È una prospettiva che ribalta il punto di vista con una domanda: gli apprendimenti curriculari sono il fine ultimo, l’obiettivo in sé? O costituiscono piuttosto un mezzo per realizzare qualcosa, ovvero per dare corpo all’espressione dei migliori talenti di ogni persona? Gli interessi dei bambini sono il punto di partenza per sostenere gli apprendimenti oppure sono gli apprendimenti a costituire uno strumento per favorire le ricerche e gli interessi dei bambini?   

Io mi schiero per la seconda ipotesi, e probabilmente il setting più coerente con questa scelta è il cosiddetto “studio aperto”, ovvero uno spazio che offre materiali e strumenti da usare liberamente, con il supporto dell’atelierista (o educatore o responsabile dello studio) ogni qualvolta sia necessario.  La possibilità di scegliere, quindi, è un elemento fondamentale.
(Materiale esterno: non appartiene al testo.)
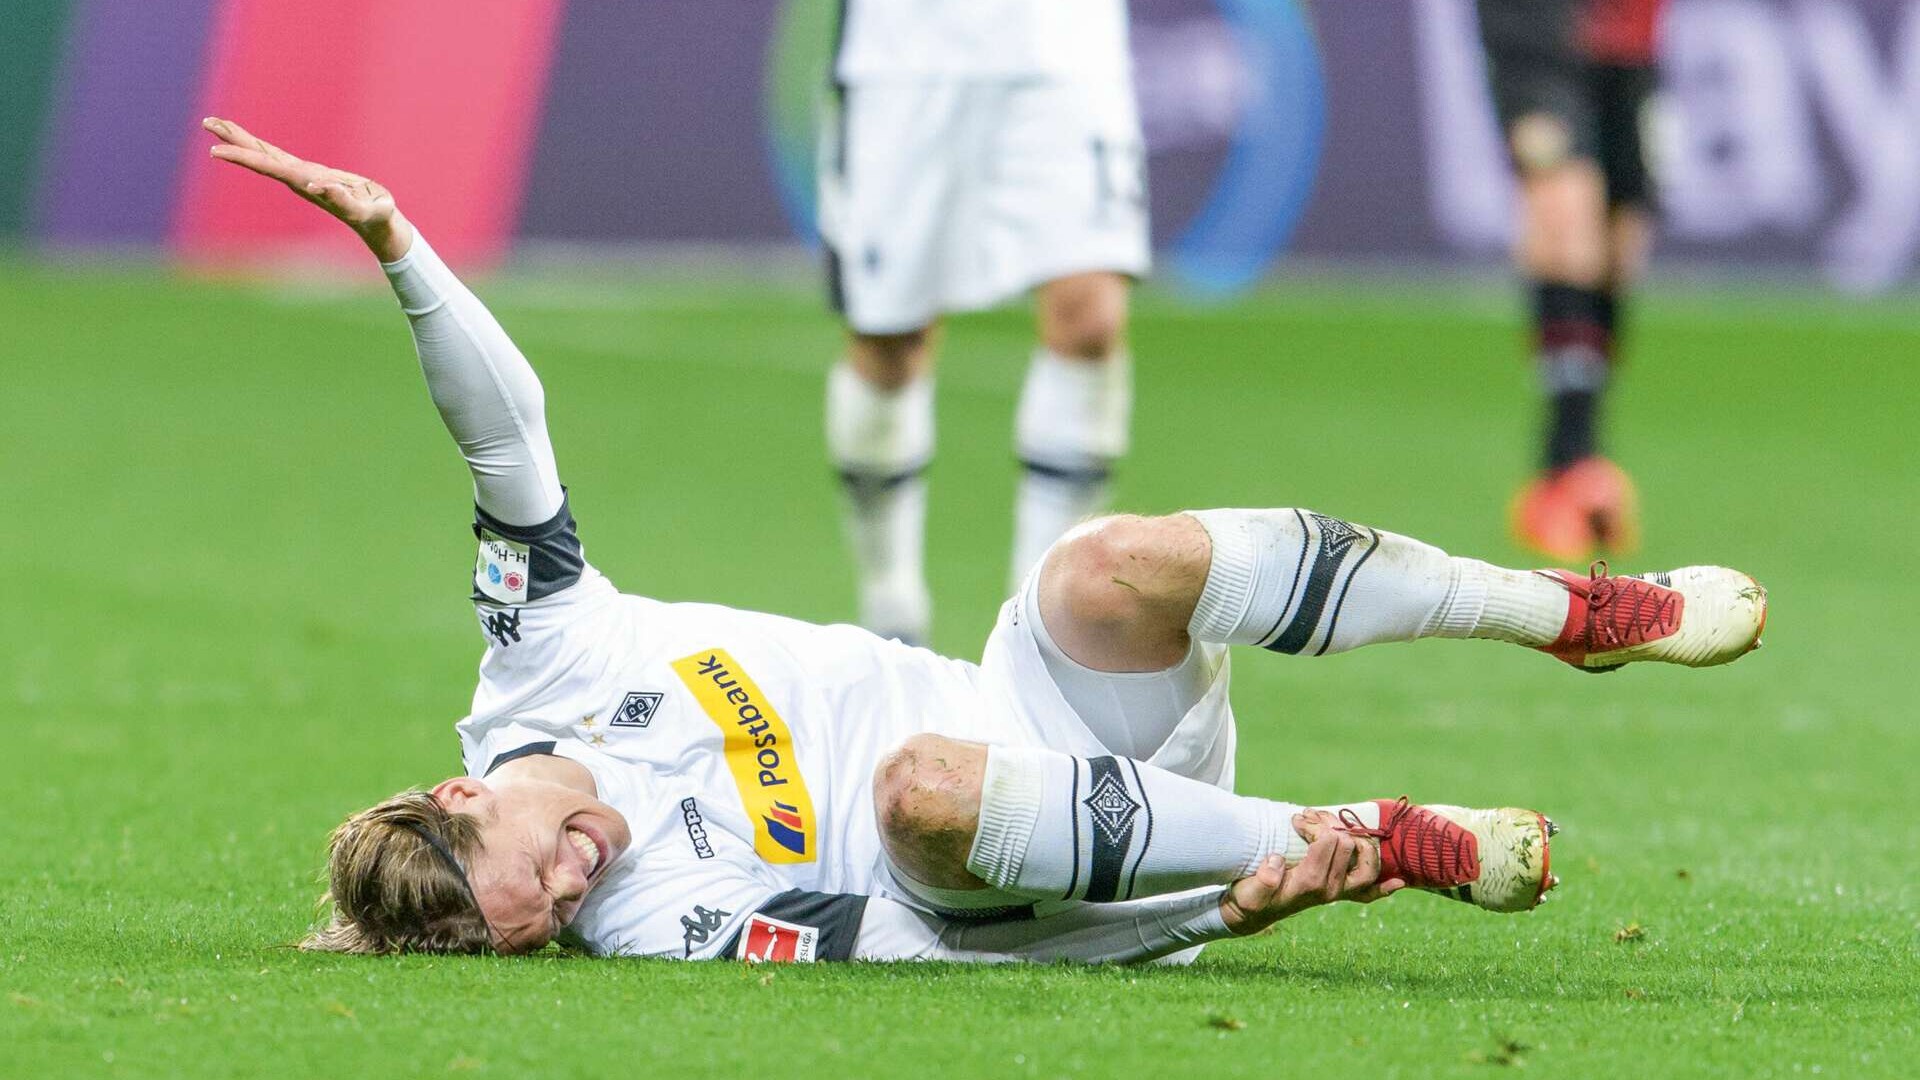 Verletzter Fußballspieler (Jannik Vestergaard) liegt mit schmerzverzerrtem Gesicht auf dem Spielfeld.

Tuttavia, non si tratta solo della scelta dei materiali, da un punto di vista fisico: è anche la qualità relazionale che caratterizza l’ambiente a fare la differenza. Solo un setting che accoglie tutte le differenze, non solo con le regole organizzative, ma anche con gli atteggiamenti, le parole, gli sguardi e le azioni che lo abitano, “permette” la libera espressione di sé.

Un’ultima considerazione. Se lo studio aperto è la soluzione migliore, che dire allora delle proposte di attività più specifiche, con una selezione ristretta di materiali o un certo tema assegnato?

Non credo che esista una contrapposizione tra queste diverse modalità, quanto piuttosto una complementarità, per ottimizzare ogni volta la scelta in base alle caratteristiche di ogni contesto (considerando l’età, il numero e le caratteristiche dei partecipanti, i tempi e gli spazi a disposizione, eccetera).

Quando viene offerta una proposta particolare, l’identità e l’unicità di chi la propone entra in gioco in modo significativo. Spesso, nei miei laboratori offro i materiali che io stessa preferisco e degli stimoli che attingo dalla mia personale esperienza creativa. Sarà proprio la mia profonda conoscenza di quei materiali a far sì che io possa supportare e valorizzare i vari processi in atto. Per esempio, nel caso del collage, saprò riconoscere e quindi usare al meglio le specifiche valenze delle diverse fasi, come quella della ricerca e selezione delle immagini, del ritaglio, della composizione, e così via.

Ma attenzione. Anche se è normale e positivo condividere le proprie passioni, queste sono solo uno strumento affinché ognuno possa sviluppare le proprie. Dobbiamo sempre vigilare se, all’interno di una proposta specifica, esiste un margine di scelta sufficiente a garantire percorsi diversi, corrispondenti a diversi bisogni e desideri.  

Per esempio, se durante un’attività sulla trasformazione di strisce di carta con pieghe e spillatrice, un bambino si interessa unicamente al meccanismo della spillatrice… ben venga! Ha trovato il suo “filo” da seguire. Magari, osservando quel bambino nel tempo, scopriremmo che ha una passione per i meccanismi e il funzionamento degli strumenti, e chissà dove questa ricerca lo porterà.

Nel secondo capito del suo libro “The Good Enough Studio”, Nona Orbach descrive uno strumento osservativo per raccogliere e catalogare le azioni e le qualità estetiche ricorrenti sia del processo che del prodotto creativo. Si tratta di indizi, tracce dell’identità unica di ogni persona, che possiamo mettere in connessione attraverso l’osservazione nel tempo.

Questa impronta, infatti, è presente fin dall’inizio e continuerà sempre ad evolversi nel tempo, pur restando riconoscibile. Anche se abbiamo solo un’ora di laboratorio a disposizione, e non potremo assistere all’espressione di questo potenziale, ci basti sapere che lo abbiamo accolto, e avere fiducia che prima o poi fiorirà.

Questo post fa parte del progetto “Insegui la tua stella”, per ricercare il potenziale unico di ogni persona attraverso il processo creativo.